These paleo chocolate cupcakes with chocolate avocado frosting are incredibly easy and filled with nut butter! They’re the perfect treat for all ages and completely gluten free!
Chocolate Cupcakes with Peanut Butter Filling
- 20 oz sweet potato (about 2 large) (baked, skin removed)
- 2/3 cup cacao powder
- 3 large eggs
- 1/4 cup coconut or almond milk
- 1/3 cup coconut oil
- 1/2 cup coconut flour
- 1/2 tsp sea salt
- 1 tsp vanilla
- 1 tbsp cinnamon
- 1/4 cup maple syrup
- 4 tbsp nut butter (divided)
Chocolate Avocado Frosting
- 2 large avocados (extra ripe)
- 1/2 cup coconut or almond milk
- 1/2 cup cacao powder
- 1/3 cup maple syrup
- 1 tsp vanilla
- Preheat oven to 375F and line a muffin tin with 12 cupcake liners.
- In a large food processor, puree sweet potato.

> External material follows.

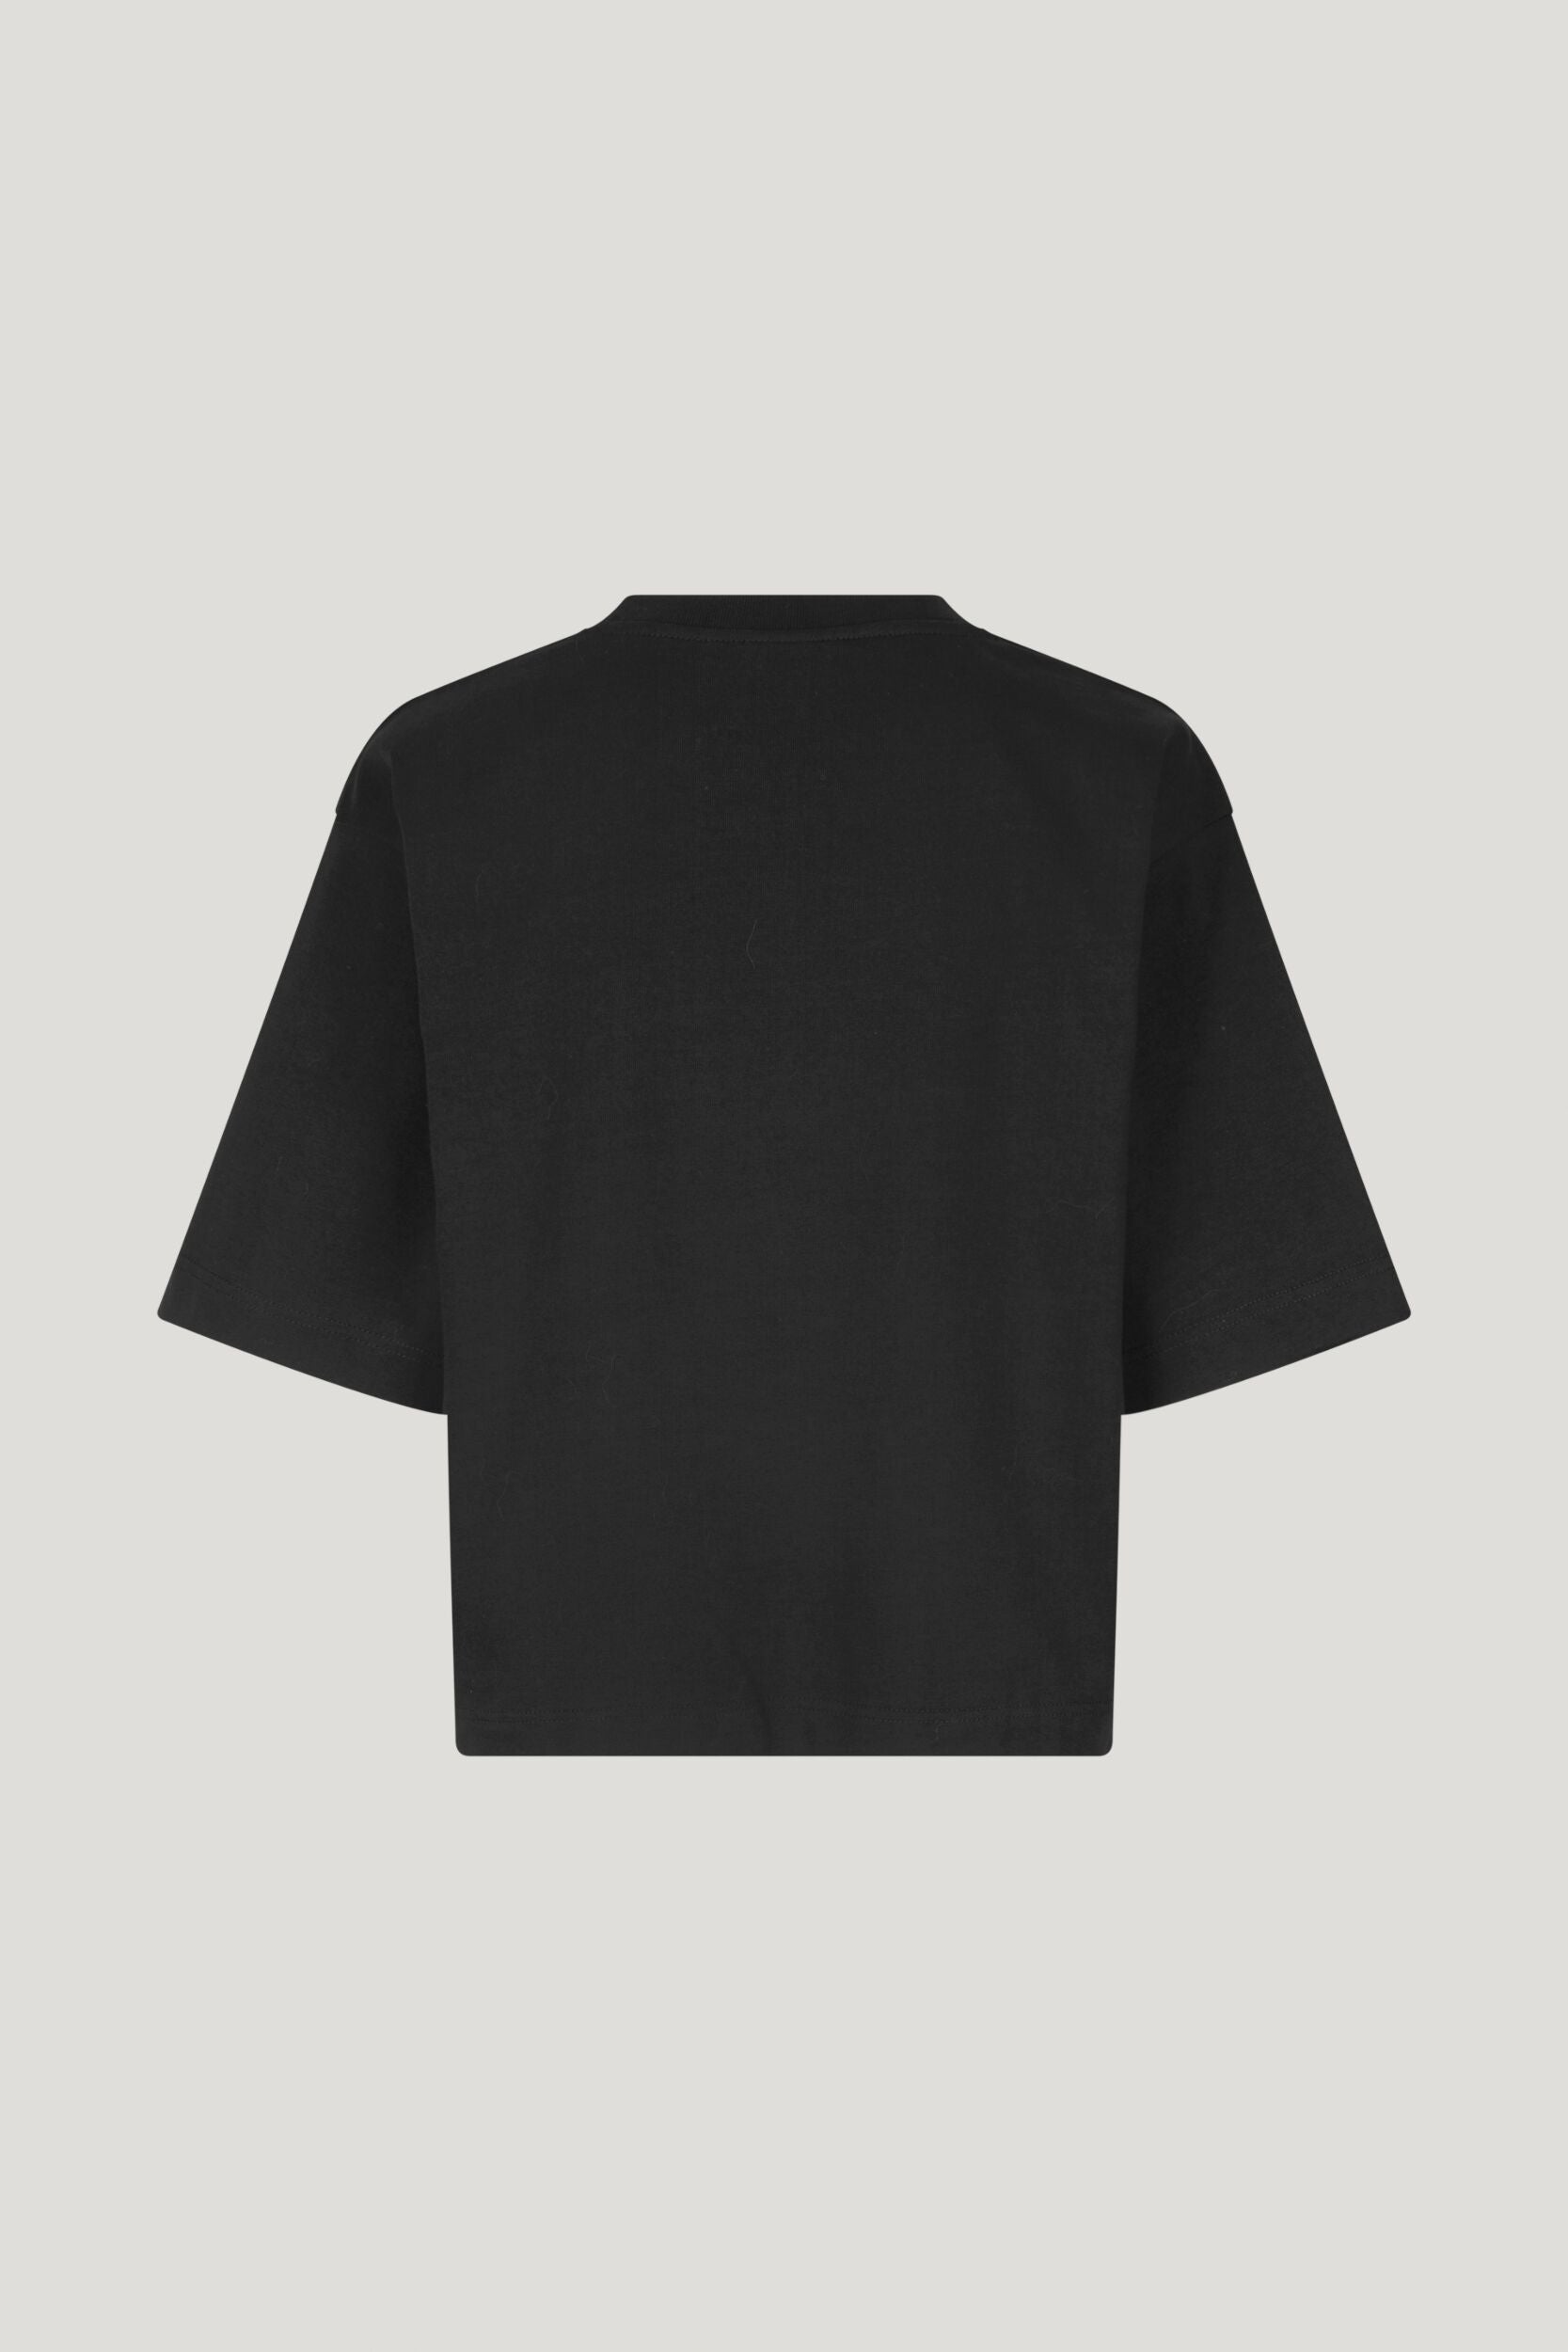 Baum - Jian T-Shirt

- Add in all ingredients except for the nut butter and blend until smooth.
- Spoon batter evenly into the 12 cupcake liners.
- Bake for about 35 minutes, or until toothpick comes out clean.

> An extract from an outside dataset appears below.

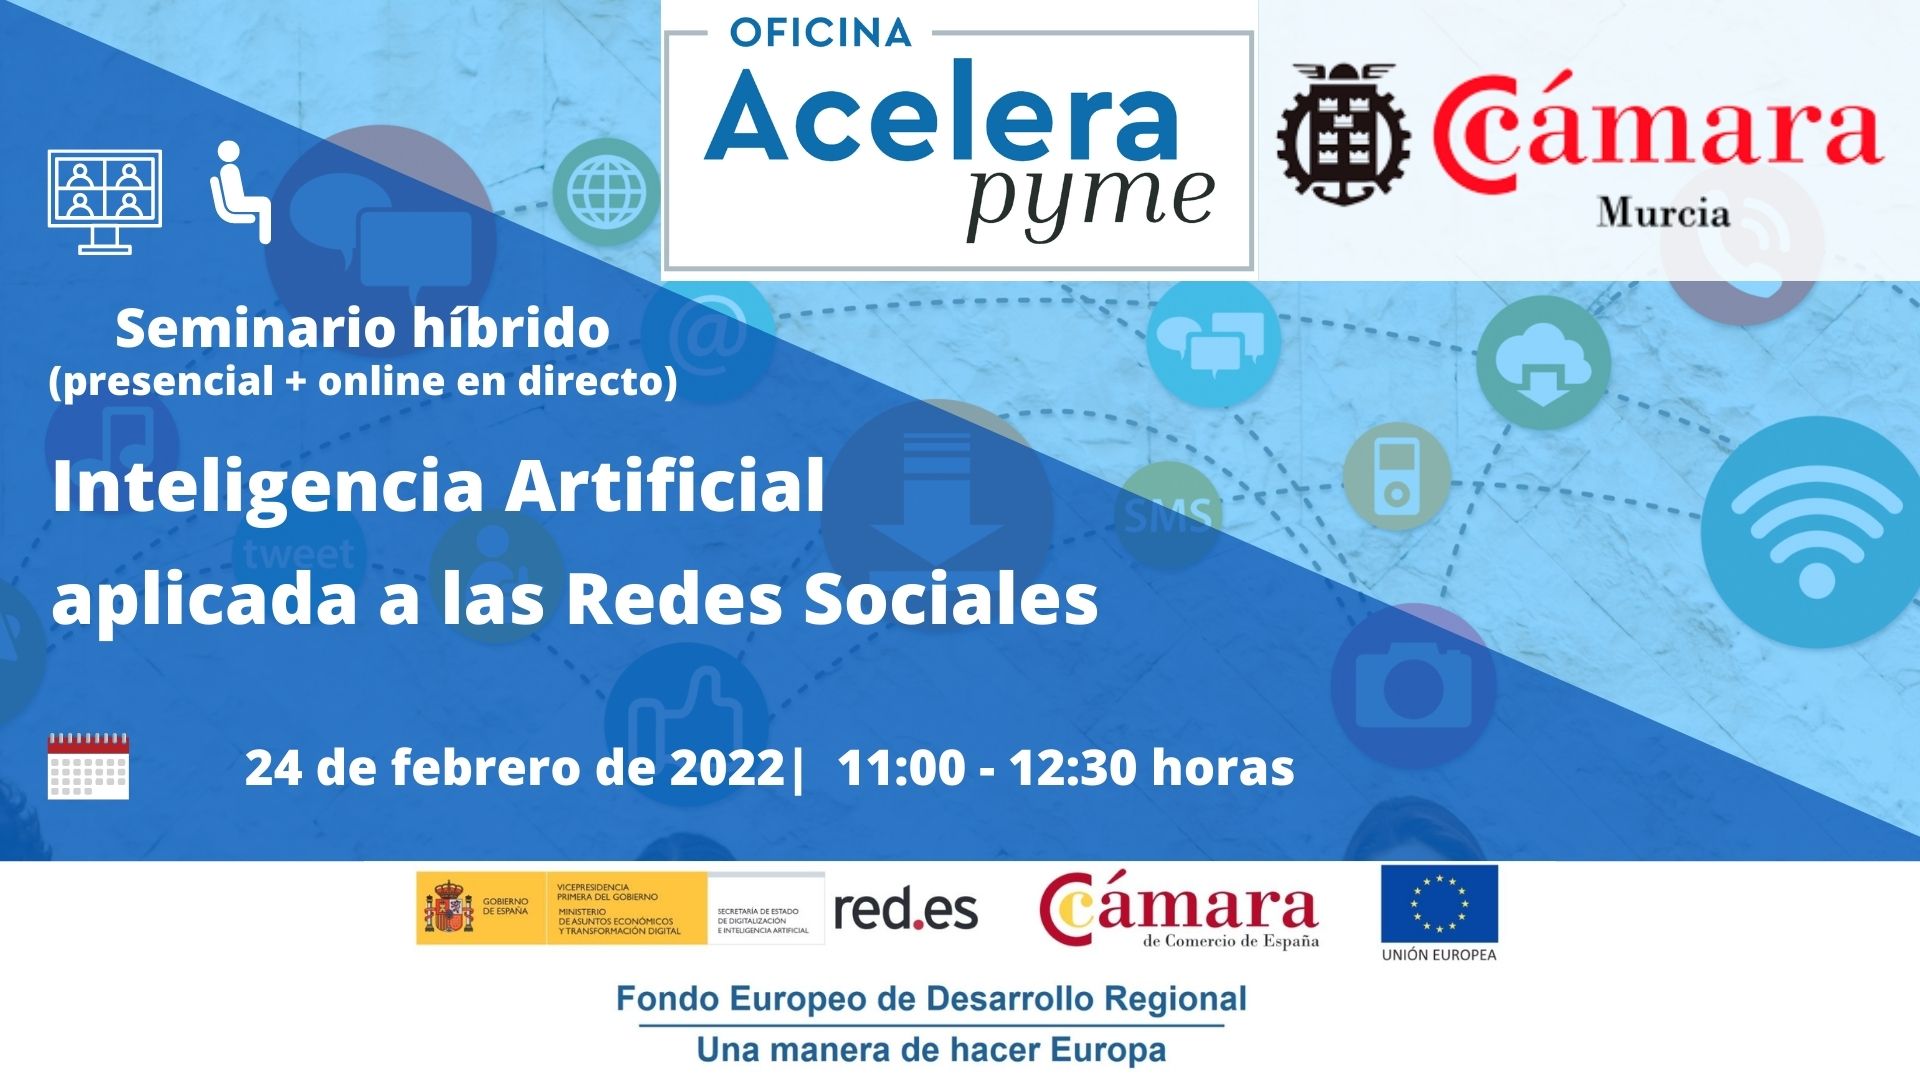 Seminario | Inteligencia Artificial aplicada a las Redes Sociales | Oficina Acelera Pyme | Camara de Comercio de Murcia

- Let cool before adding in nut butter. Once the cupcakes are cool, cut a small circle into the top of the cupcake.
- Remove circular top and spoon a little of the cake out onto a plate. Add about 1 tsp of nut butter into the middle of the cupcake and place circular top back onto the cupcake.
- Repeat for the rest of the cupcakes.
- Puree avocados, cacao, milk, vanilla, and maple syrup in a large food processor.
- To pipe the frosting, spoon frosting into a large plastic bag and snip the corner of the bag with scissors. Squeeze on top of each cupcake once they’re cooled.